Try it>
Omit the pictures. Transcribe exactly the lines below, from the one with "23 marzo 1917" up to and including the last.

━━━

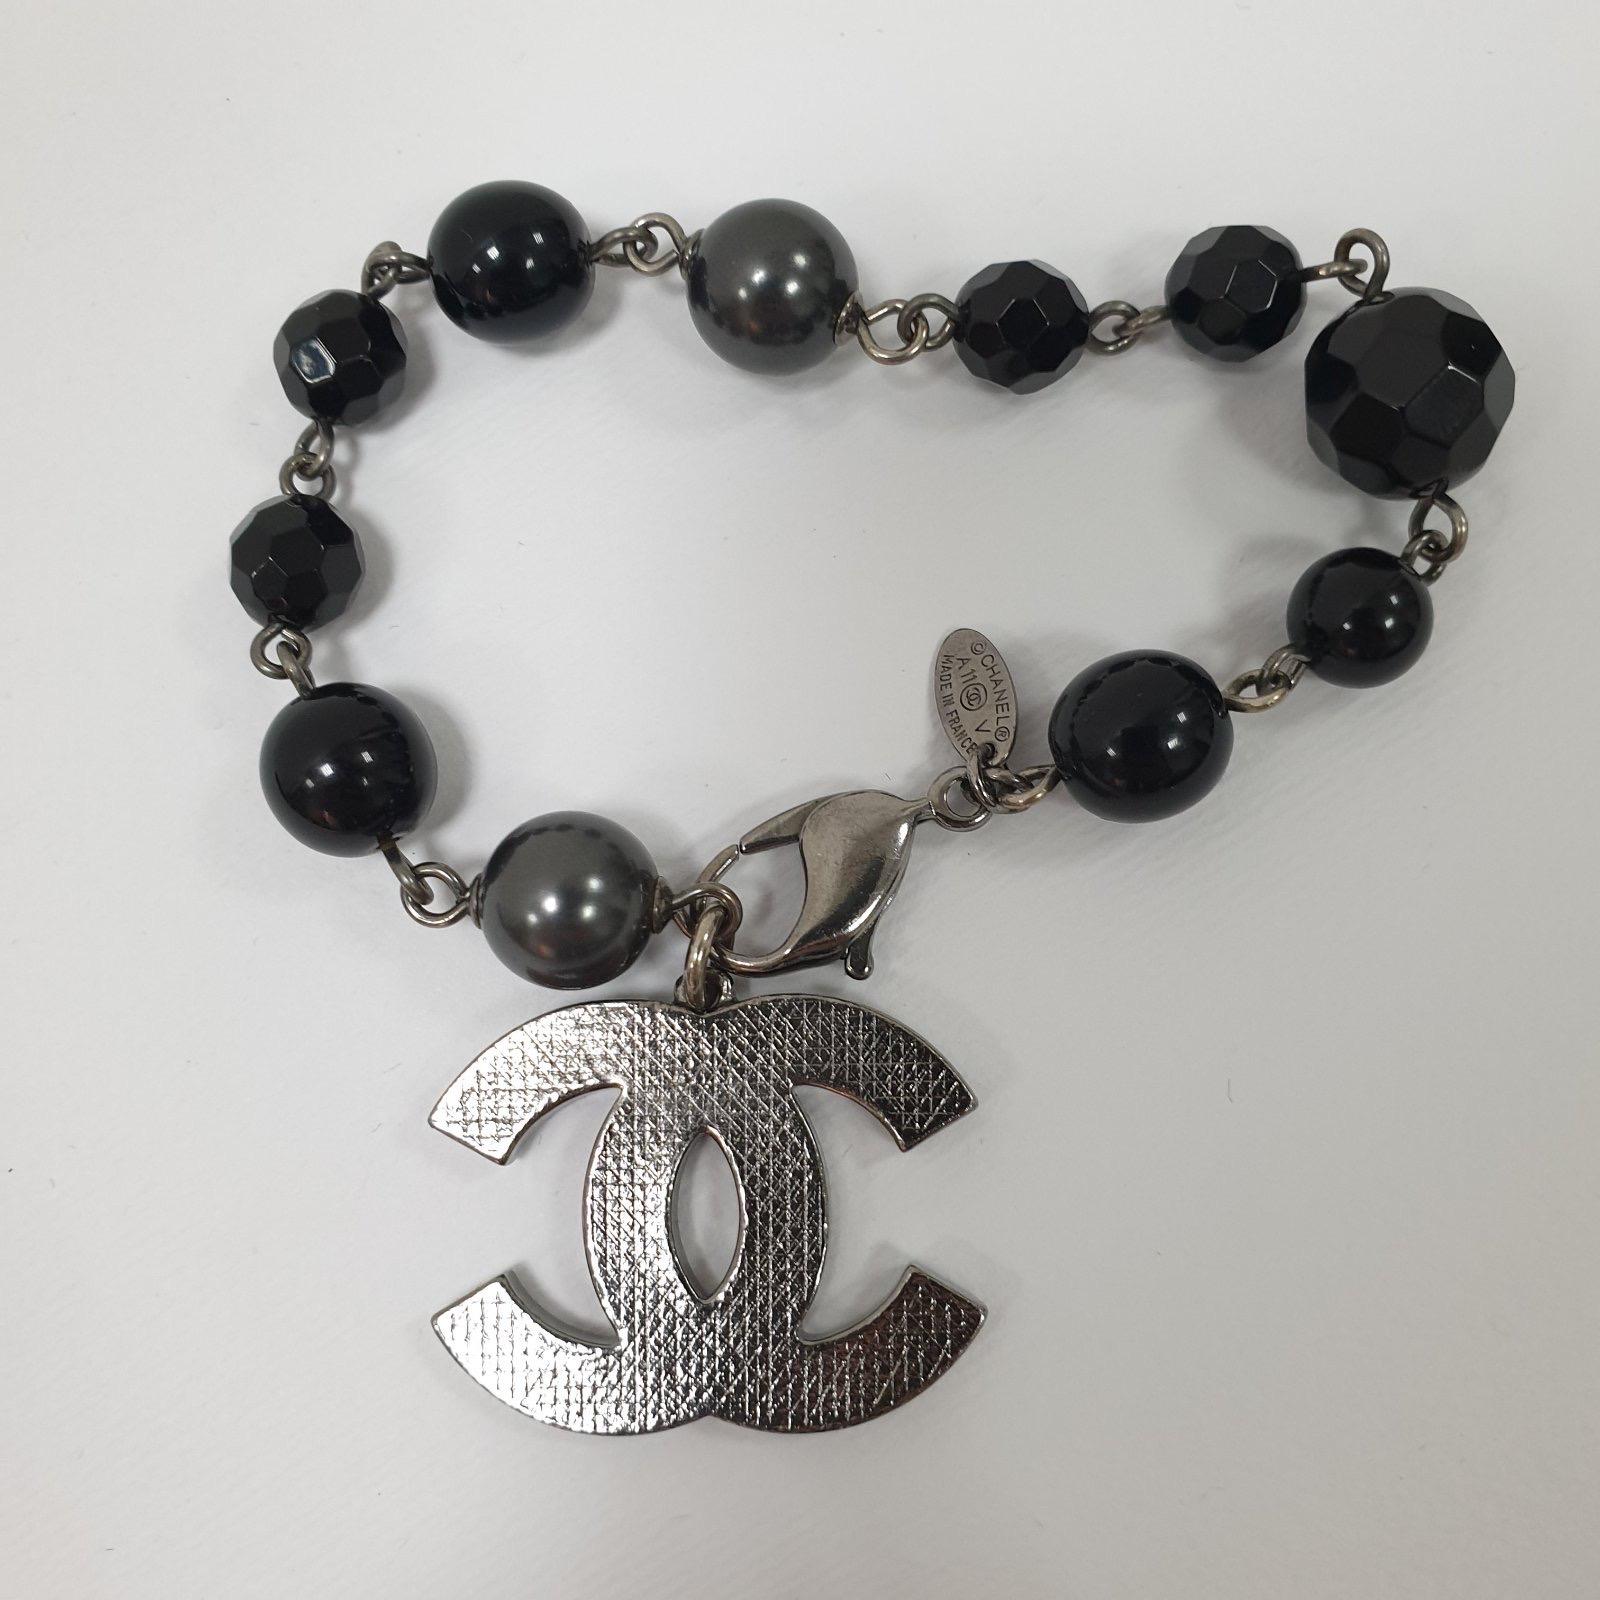 Herbst 2011
Dieses Chanel-Armband aus silberfarbenem Metall ist niedlich und zierlich. Es besteht aus schwarzen und grauen Perlen, die mit einem ineinandergreifenden CC-Charme kombiniert sind. Sie ist mit einem Karabinerverschluss
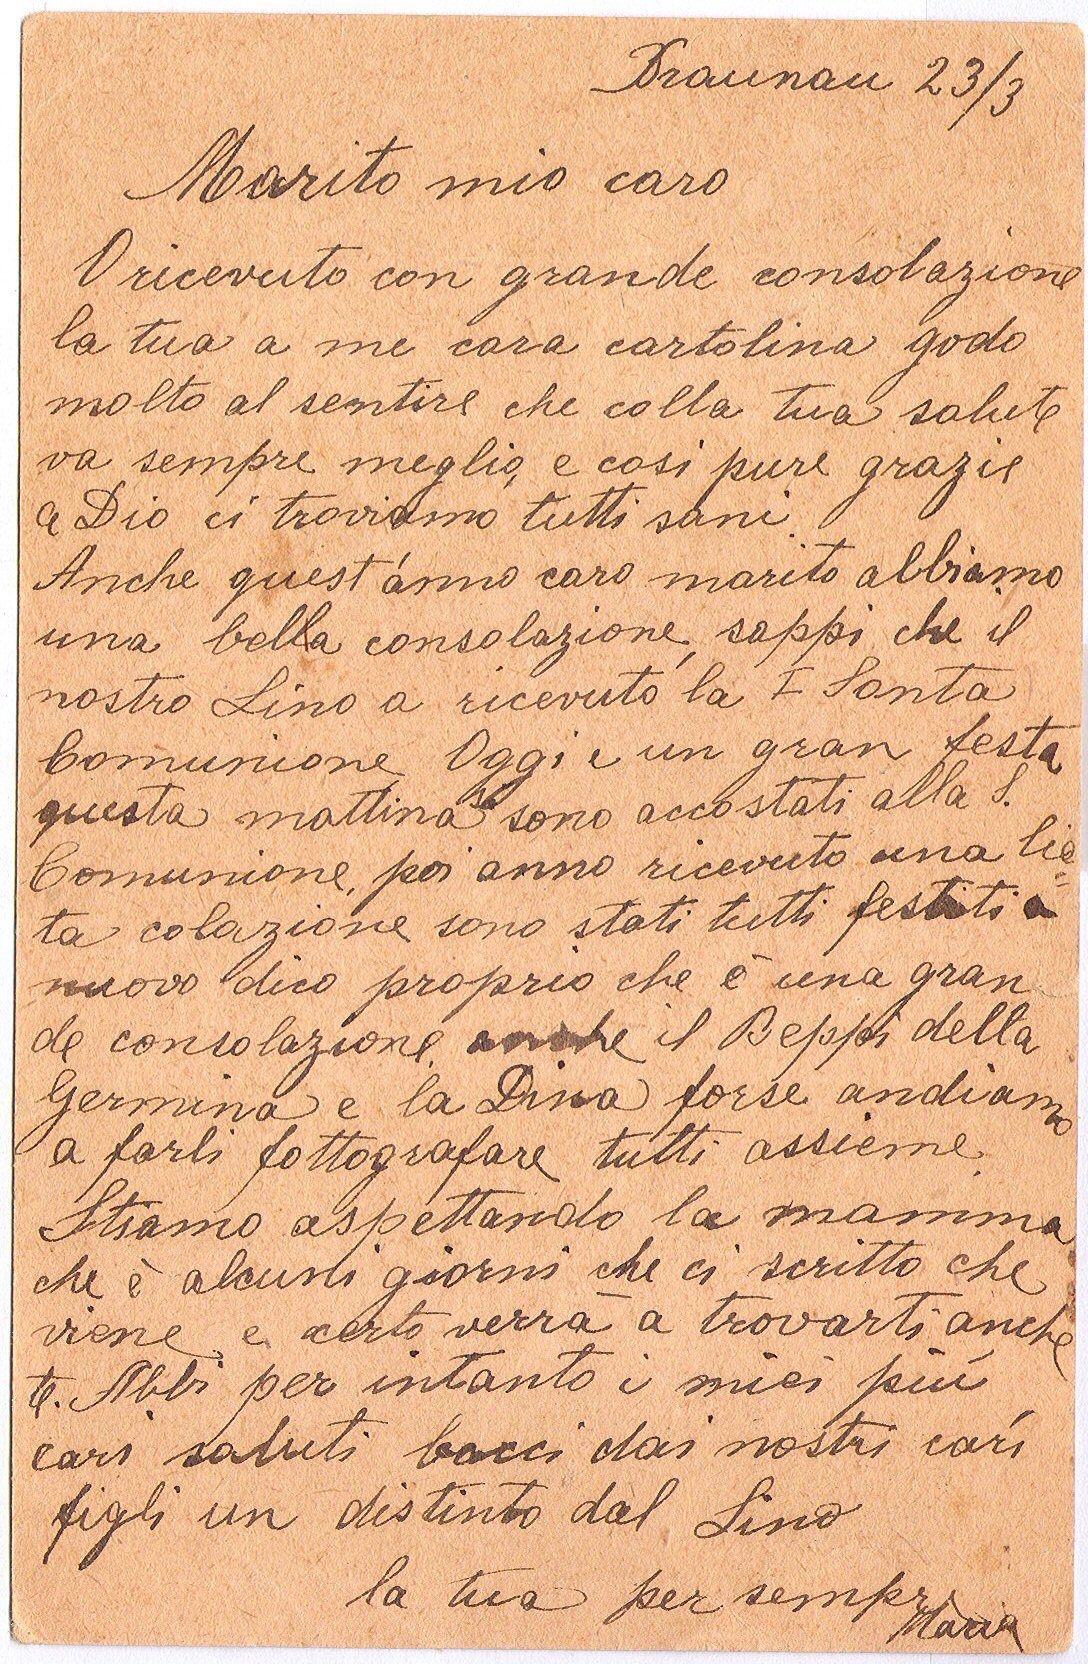 23 marzo 1917 - lettera dalla moglie maria profuga a braunau
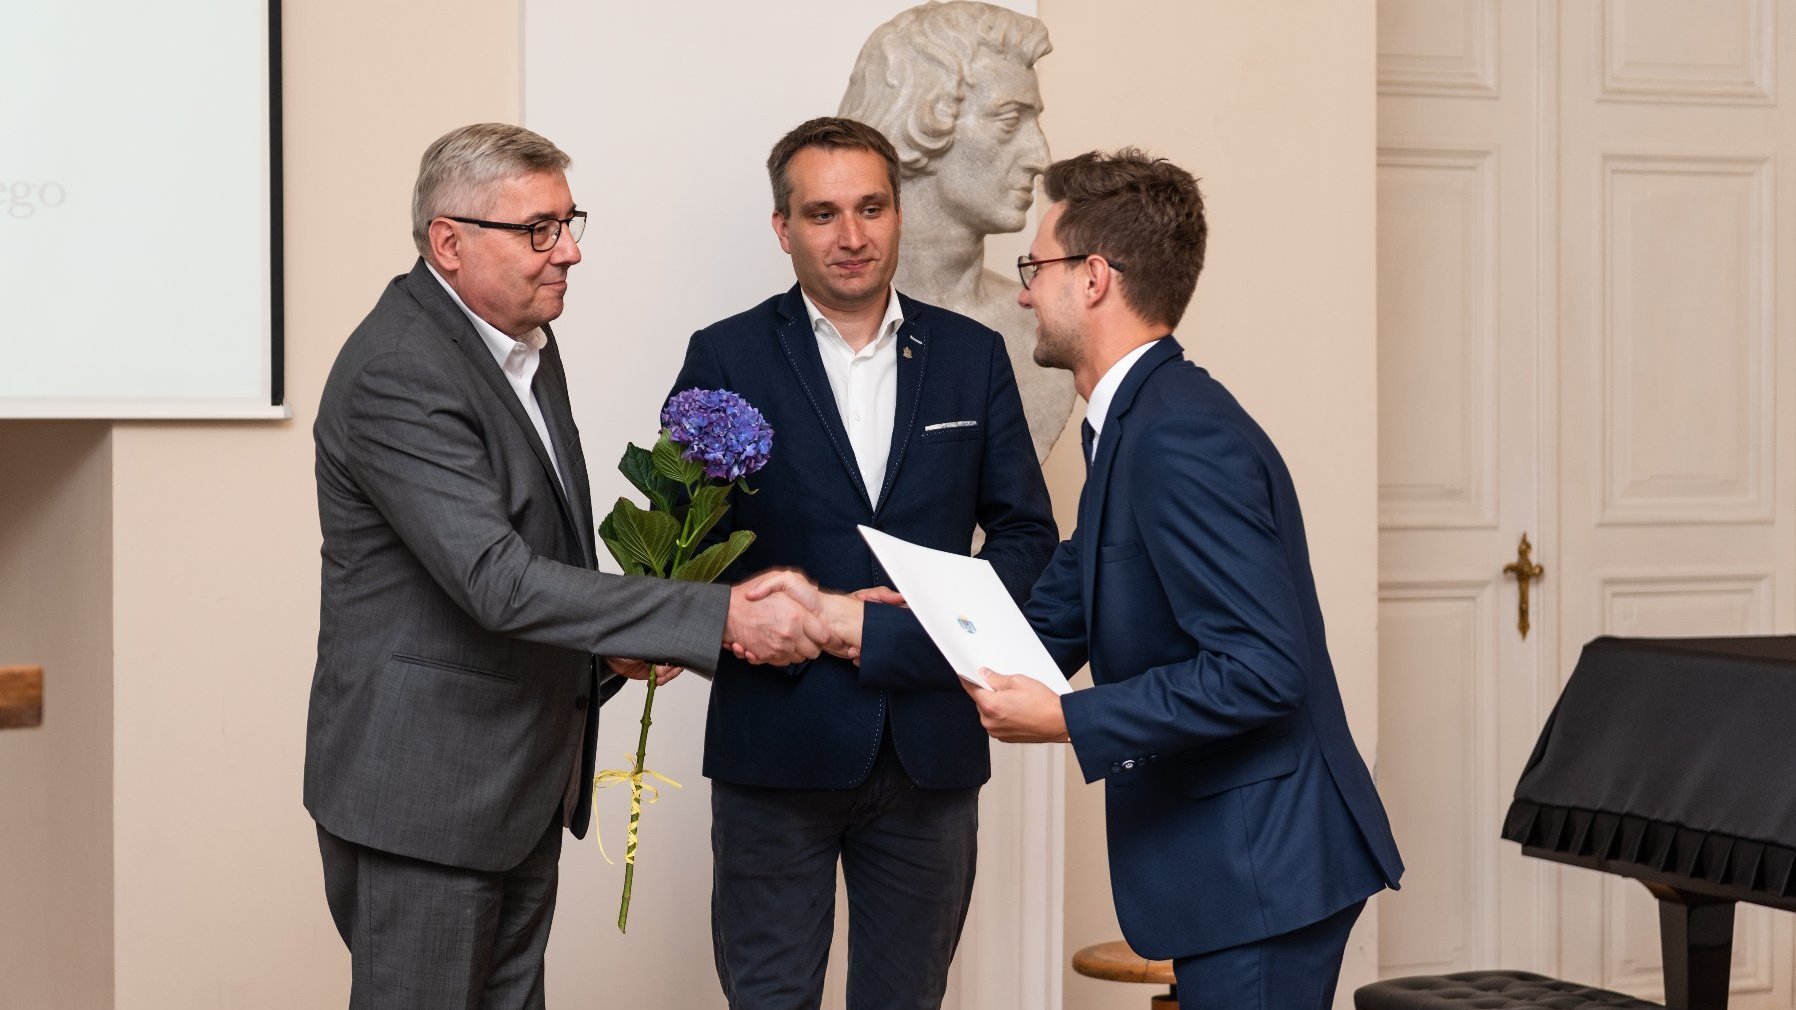 Na zdjęciu zastępca prezydenta miasta i przewodniczący rady miasta wręczają dyplom stypendyście
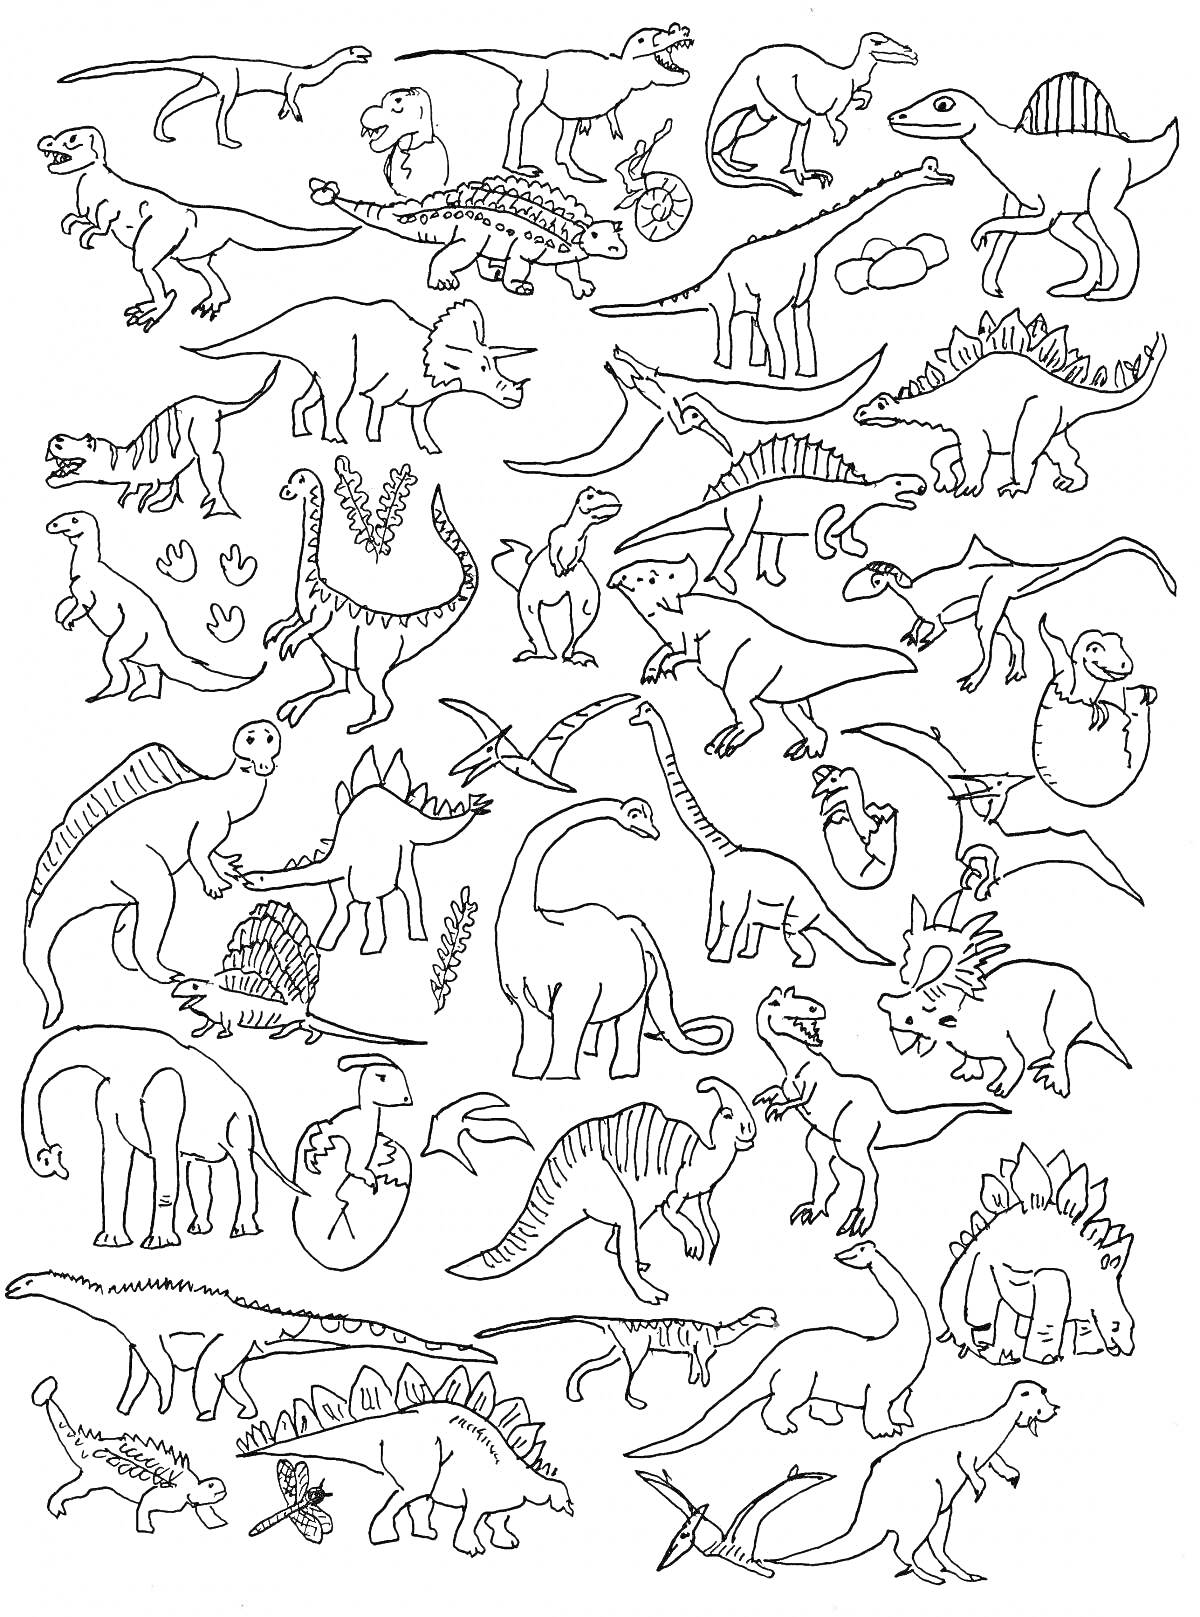 Раскраска Динозавры - различные виды и сцены с динозаврами

━━━

Exercise output>
 23 marzo 1917 - lettera dalla moglie maria profuga a braunau
 Na zdjęciu zastępca prezydenta miasta i przewodniczący rady miasta wręczają dyplom stypendyście
 Раскраска Динозавры - различные виды и сцены с динозаврами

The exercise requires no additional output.